If an item isn’t selling fast enough on the shelf at Trader Joe’s or is collecting dust at Costco warehouses, the companies need to switch to something else that customers will snap up.

“If you don’t have high volume or growing volume, the costs of producing and handling a slow-selling product are such that it doesn’t make business sense,” Trader Joe’s vice president of marketing Matt Sloan said in a company podcast earlier this year.

Other times, it’s the product itself: Companies will pull items if suppliers raise the price too much or the quality drops.

“Costco would rather not sell an item than sell it at a price that’s too high,” said Chuck Howard, an assistant professor of marketing at Texas A&M’s Mays Business School. “It would be off-brand for them to be selling things that consumers think would be too expensive.”

For example, about five years ago Costco replaced a $27 10-pound boneless, skinless frozen chicken breast from Perdue with a $21.99 Wayne Farms version, said Marcus Walker, an assistant buyer of frozen foods at Costco from 2005 to 2020.

Items that are cheaper at other stores are also prime to eliminate.

Costco wants its products to be the lowest-priced option. It pulled Hot Pockets because it wasn’t able to match Sam’s Club prices on the product, Walker said.

Costco’s teams buy their suppliers’ products at competitors’ stores and test them to compare the quality against Costco’s. If they find an item tastes better somewhere else, they’ll ask the supplier to improve it for Costco, Walker said — and if that doesn’t happen, Costco will look to replace it.

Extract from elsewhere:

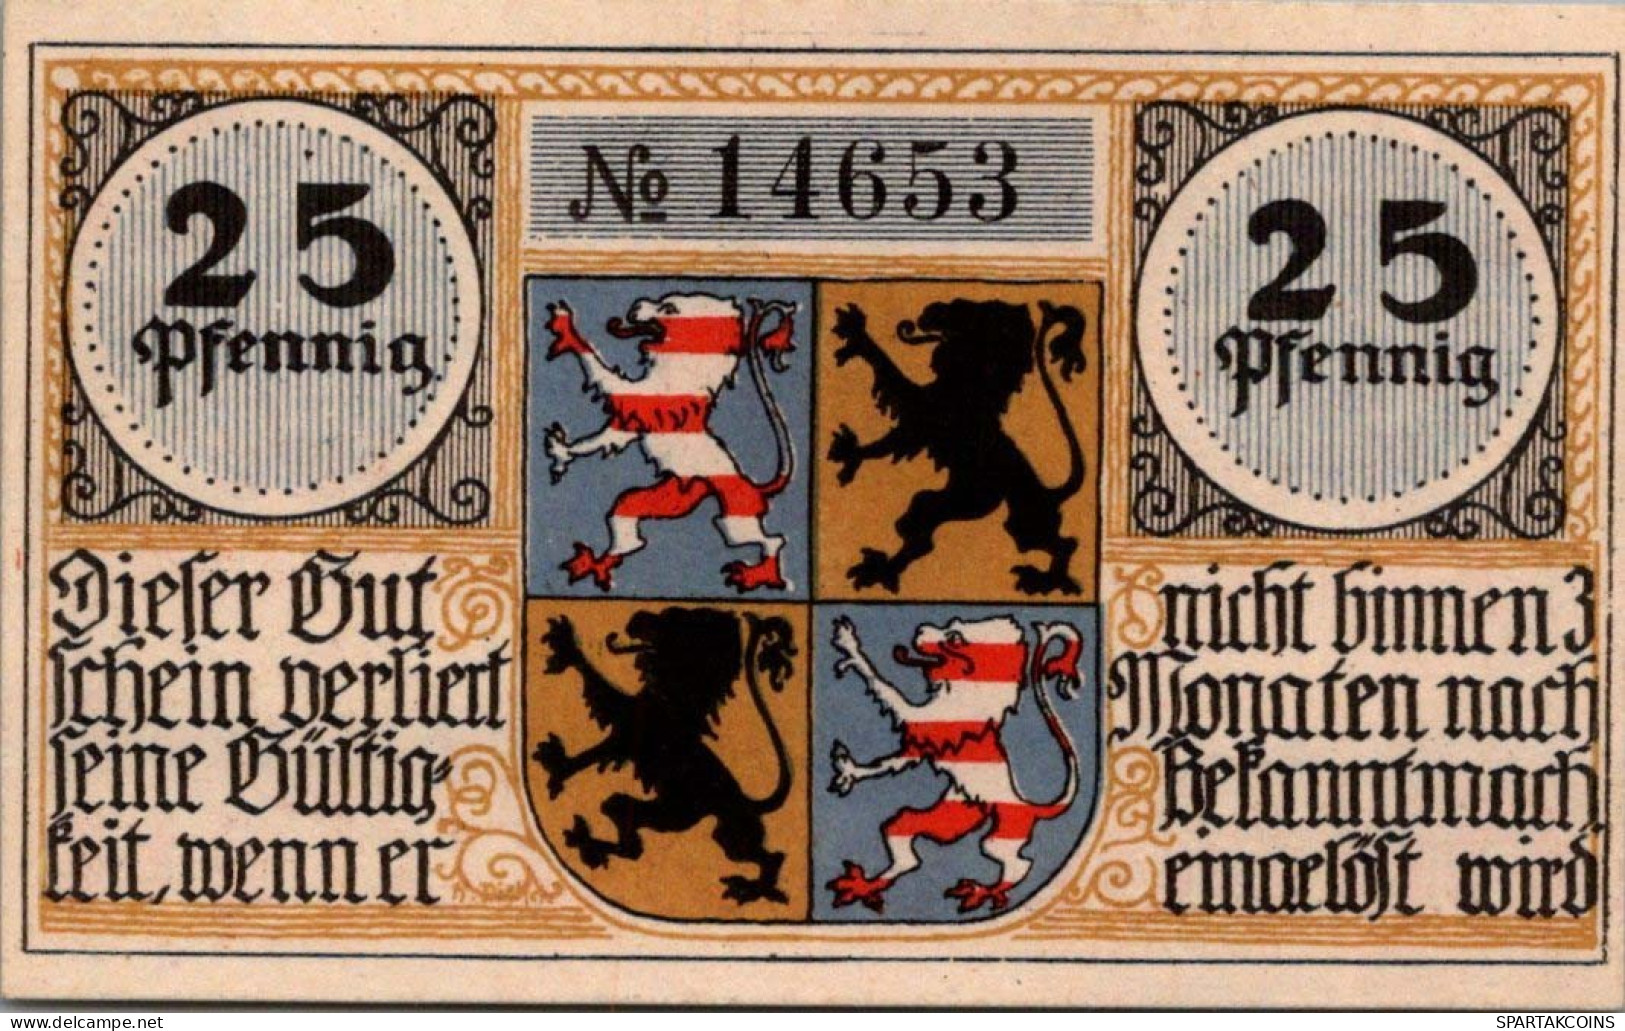 25 PFENNIG Stadt HILDBURGHAUSEN Thuringia DEUTSCHLAND Notgeld Banknote #PG260 - [11] Lokale Uitgaven

Another issue, which the pandemic underscored, is the stability of product supply. If a manufacturer can’t produce enough of an item, the companies will stop selling it and replace it with something they can consistently keep on shelves.

In 2020 and 2021, with demand sky-high from customers stocking up on groceries during the pandemic, manufacturers halted production of many secondary products to make only their highest-demand items. And even as demand eased this year and factories returned to running at more normal capacity, manufacturers still aren’t making as wide a variety of items as they did before the pandemic.

Hormel Foods, the maker of Skippy and Spam, and Mondelez, which owns brands like Oreo, are among the companies that have said recently they are reducing the number of products they’re selling to focus on their top-performing ones.